Execute SQL code from `simple/pgae_simple_install.sql` ([here it is](simple/pgae_simple_install.sql)) on your database.
Then call `pgae_init('', '')` to initialize. Provide the model you use for embeddings and your API key.

- Do you support OpenAI embeddings?

Yes, their models are supported out of the box.

- Do you support Voyage (Anthropic) embeddings?

Yes, their models are supported out of the box.

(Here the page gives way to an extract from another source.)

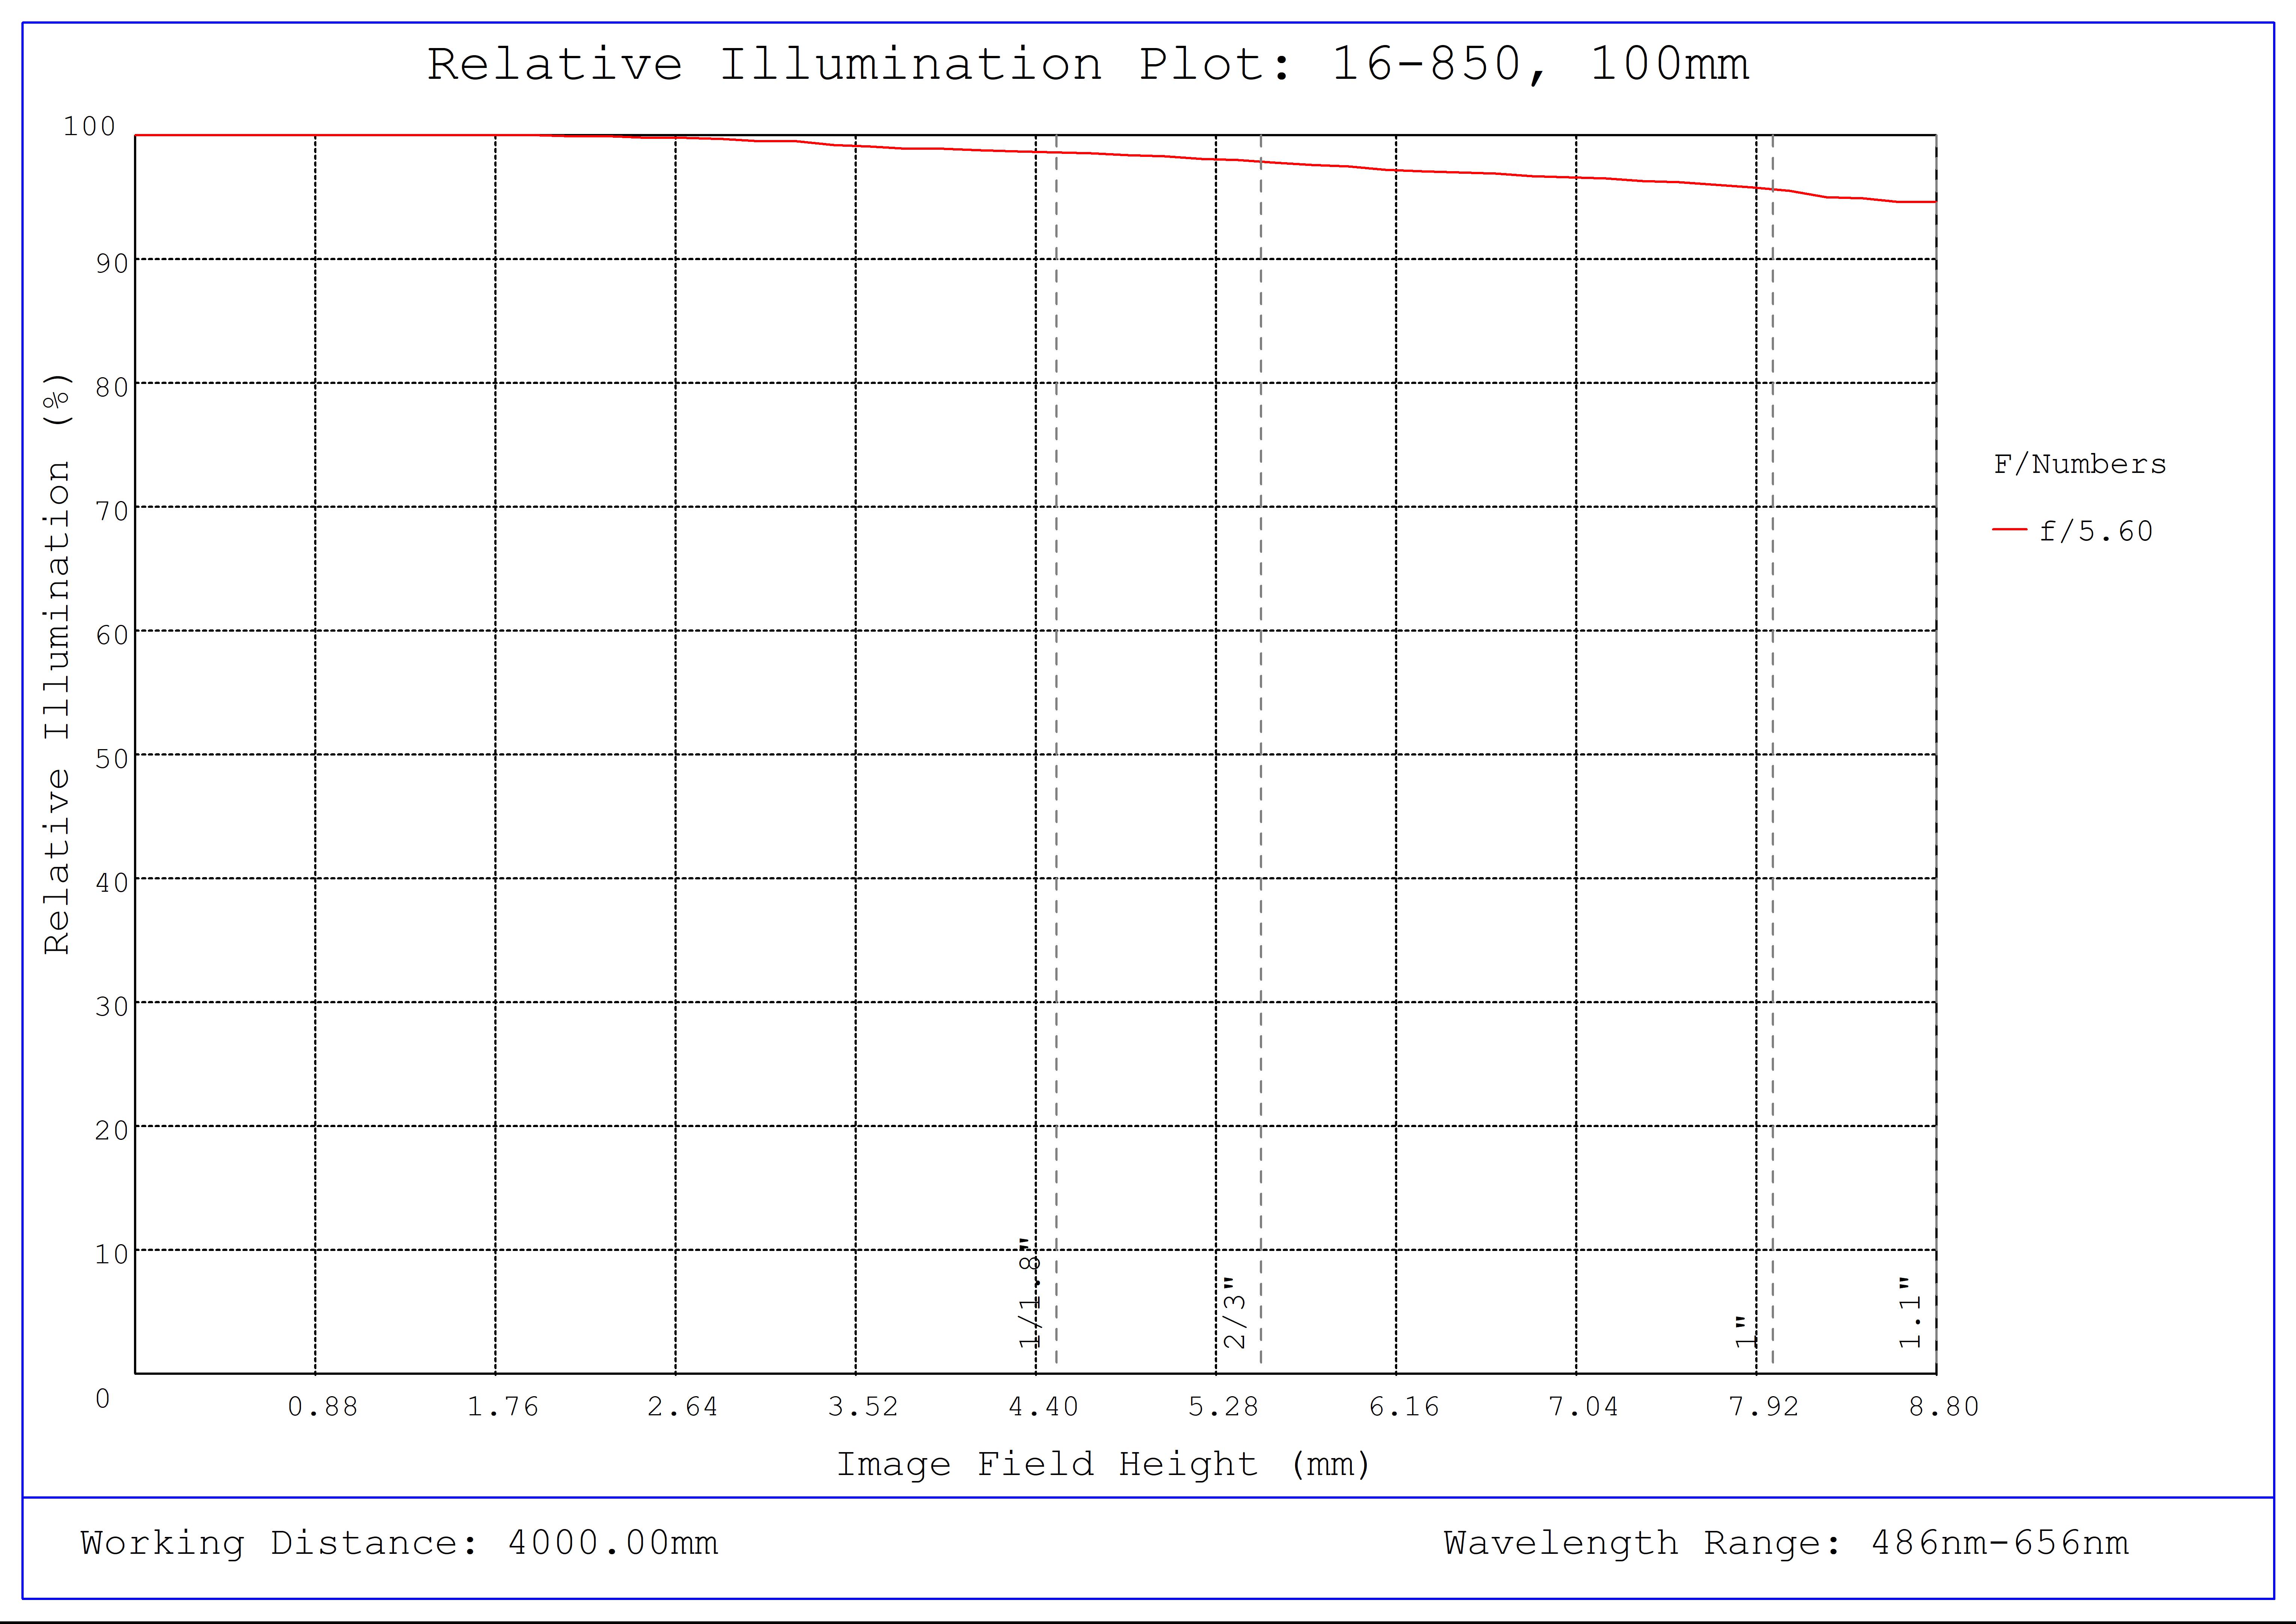 #16-850, 100mm, f/5.6 Athermal Lens, Relative Illumination Plot

- How to remove `pg_auto_embeddings` from my database?

```sql
SELECT pgae_self_destroy();
```

- How does it work?

We use Foreign Data Wrappers (FDW) to call functions on the remote PostgreSQL server. The chain is:

1. We create FDW table local `embeddings_*` -> remote `embeddings_*`
2. You call local function `pgae_embedding('some text')`
3. It executes `UPDATE embeddings SET ...` on a local table
4. FDW causes synchronous execution of `UPDATE embeddings SET ...` on the remote table
5. It causes synchronous execution of the trigger like `NEW.embedding = pgae_embedding_internal(NEW.text_val); RETURN NEW.embedding;`
6. It executes `pgae_embedding_internal` function which calls HTTP API of local Node.js server
7. Node.js server calls OpenAI API and returns embedding as a result
8. Remote PostgreSQL propagates the result to the remote `embeddings_*` table
9. Local PostgreSQL receives update on local `embeddings_*` table
10. This update is propagated as result of the execution of `pgae_embedding('some text')`

The code of both server SQL and local SQL in this repo. So, you can look for additional details in the code and ask any questions in Issues.

## License

This project is licensed under the [MIT License](LICENSE). You are free to use the code in your projects while retaining the original author notifications.

Enjoy using **pg_auto_embeddings**! We hope it simplifies the integration of text embeddings in PostgreSQL without the need for complex extensions.